How to Assess and Treat a Person with a Tooth Knocked Loose or Completely Out

A tooth that has been knocked loose or completely out is a serious injury and should be addressed immediately by a dentist. However, before the affected person actually makes it to the dentist, several steps will need to be taken to ensure the best outcome. Below is what you should do in the event of a partially or fully removed tooth:

1. Assess for injuries other than those affecting the teeth - The force it takes to knock a tooth loose or free of the jaw can cause significant injuries to the head or spine. Most importantly, this degree of trauma can cause concussions or even worse injuries, such as hematomas or severed spinal cords. A failure to properly assess for these serious injuries can lead to permanent disability or death for the person affected.

That is why a brief assessment should be performed before addressing the tooth itself. Here is what you should look for:

  • Unconsciousness, even if for a few seconds

  • Disorientation and confusion

  • Vomiting

  • Distention of the neck or back

  • Numbness or loss of movement in extremities

Should any signs of concussion or other neurological damage be present, then call an ambulance and keep the individual still until they arrive. The priority at this point is preservation of life and prevention of permanent damage.

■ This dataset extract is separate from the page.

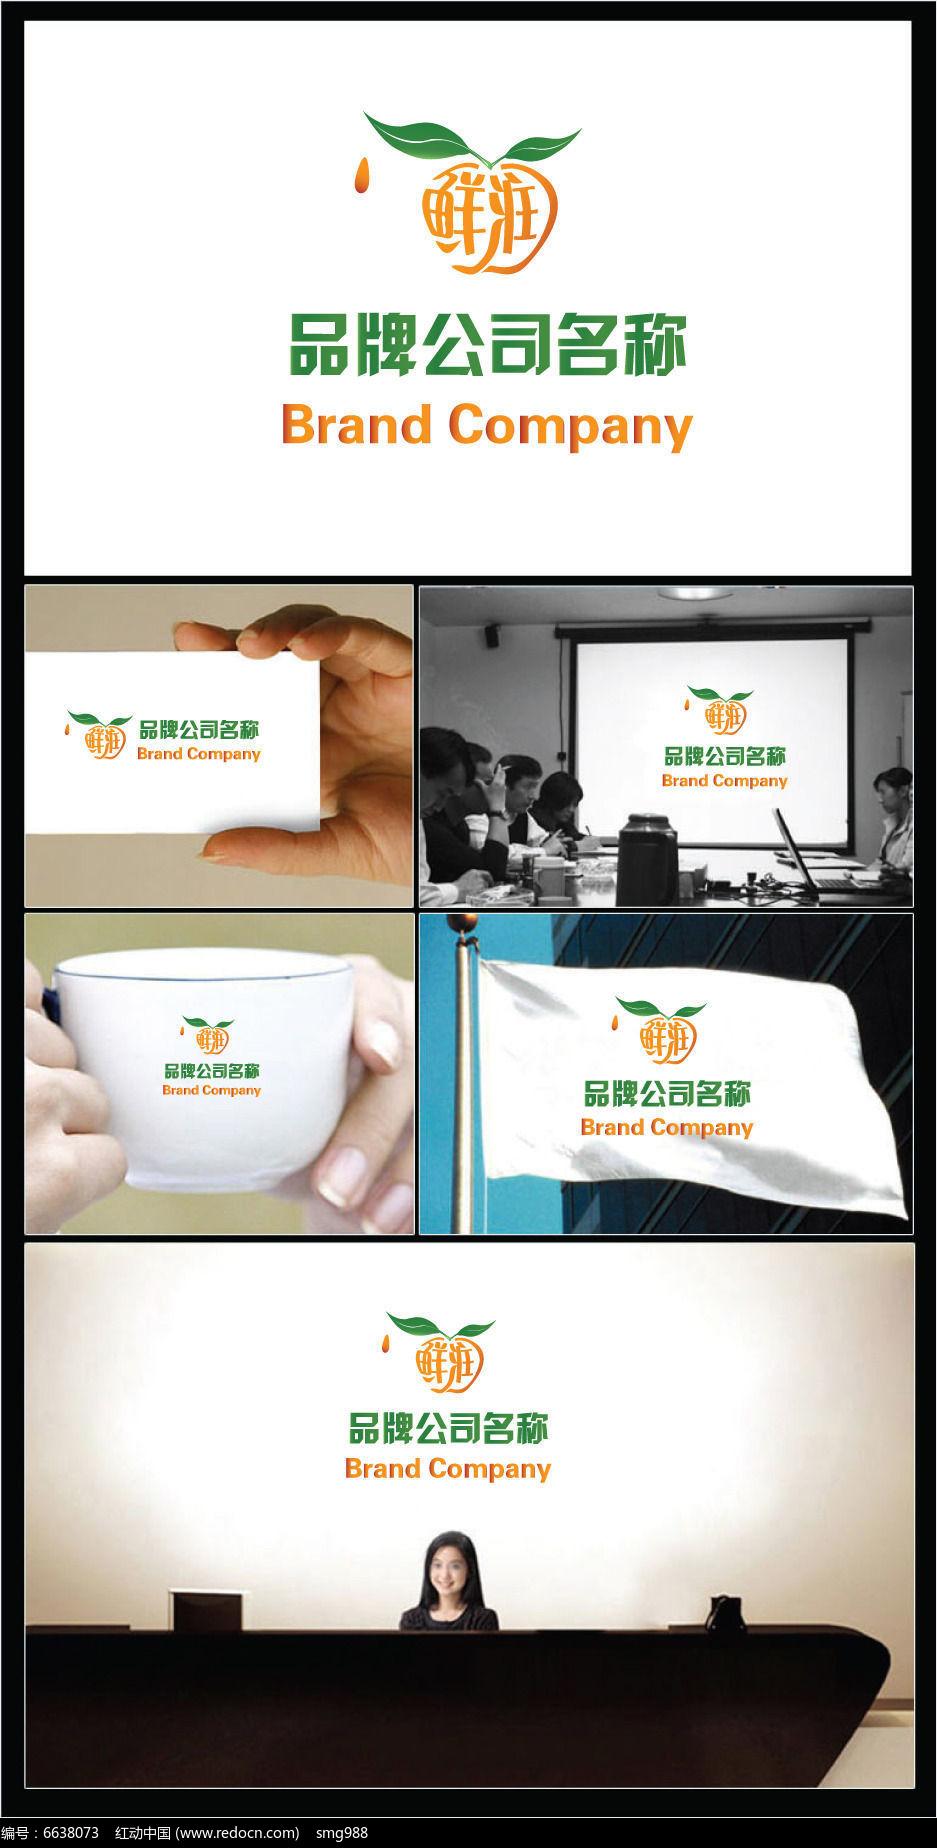 橙子绿叶组成的绿色行业标志图片
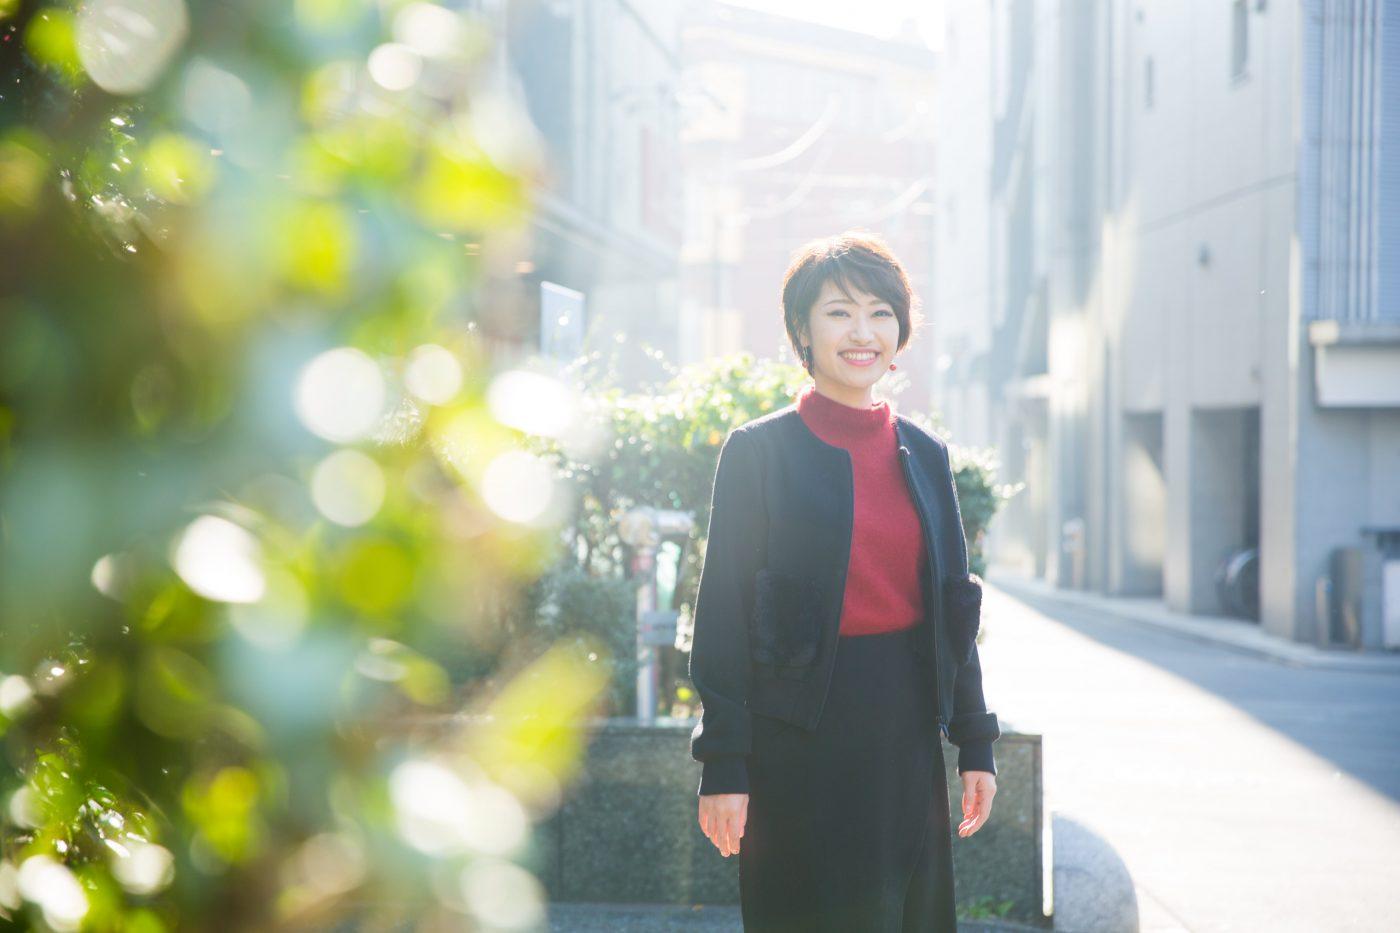 2011年3月に、日本で初めてのクラウドファンディングとして誕生したサービスがある。名前を「Readyfor」という。個人から個人・事業会社・プロジェクトへの支援を可能にする仕組みとして、現在はあらゆる場面で利用されている。

2. Preserve the tooth - If the individual affected seems to be in fairly good condition and shows no signs of a neurological or other systemic problem, then you can focus on saving the tooth from permanent loss. There are a couple of things you can attempt, depending on the resources you have available at the moment and whether the tooth is loose or fully out of place.

Re-seat the loosened tooth - If a tooth has been knocked loose but is not fully out of its socket, then you may be able to gently re-seat the tooth. To do so, rinse the mouth gently with clean, cold water, then lightly apply pressure to the top of the tooth and push it back into place. Do not grasp the roots or apply pressure to the tooth at any point.

Soak the tooth in clean water or milk -  Should the tooth be completely free of the socket, then you can place it into a clean container of tap water or cold milk, if available. When handling the tooth, avoid touching the roots and never scrub the tooth with any objects or your fingers, even if it becomes dirty during the accident. In addition, be sure the water used is cold.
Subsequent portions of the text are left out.